# Maple Log ID



## HomeBody (Nov 24, 2010)

Is there an easy way to tell Sugar Maple from Silver Maple when it's in log form from the bark and endgrain? Gary


----------



## bond3737 (Nov 13, 2009)

silver maple has a bark that kind of flakes out from the side of the tree more than sugarmaple whose bark is tighter in towards the sides. Also the color of the heartwood is way different. Silvermaple is much more white than sugarmaple and the heartwood is more of a light pink or salmon color whereas sugarmaple is much more red in the heartwood area. Then there is density sugarmaple is much much harder than silvermaple 
here are some pics of a massive silvermaple tree we cut down a while ago... see how the bark flakes off from the sides?

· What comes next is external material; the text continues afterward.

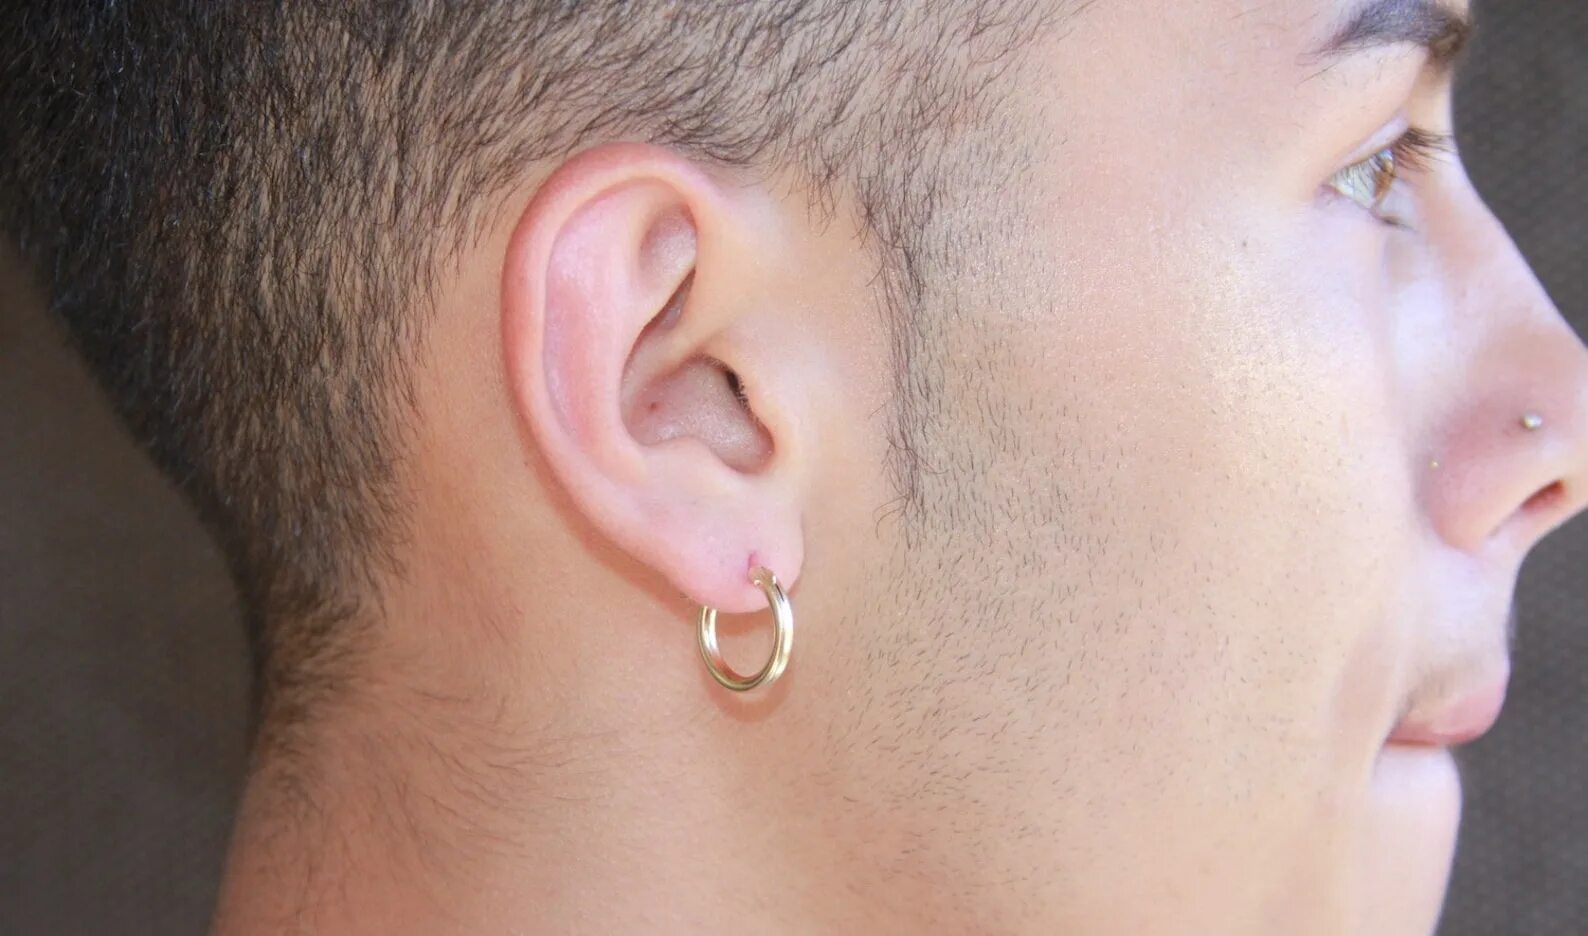 Мужское ухо. Золотая серьга мужская. Мужские серьги кольца. Золотые серьги для мужчины в ухо. Серьги кольца на ухе.

Ill try and find some sugar maple pics for ya in a bit


----------



## bond3737 (Nov 13, 2009)

http://amc-nh.org/resources/guides/trees/species-gallery.php?Species=Acer saccharum this is the way the bark on sugar maple tends to look.... hope this helps


----------



## Da Aardvark (Oct 11, 2012)

Bond.
I'd slab that. 
Tabletops sound good in 2.5"
I'd also cookie that the same thickness.
Live edge, here we come.

Silver maple as I call it is like shagbark on hickory but not as pronounced, and here it's called shagbark maple.


----------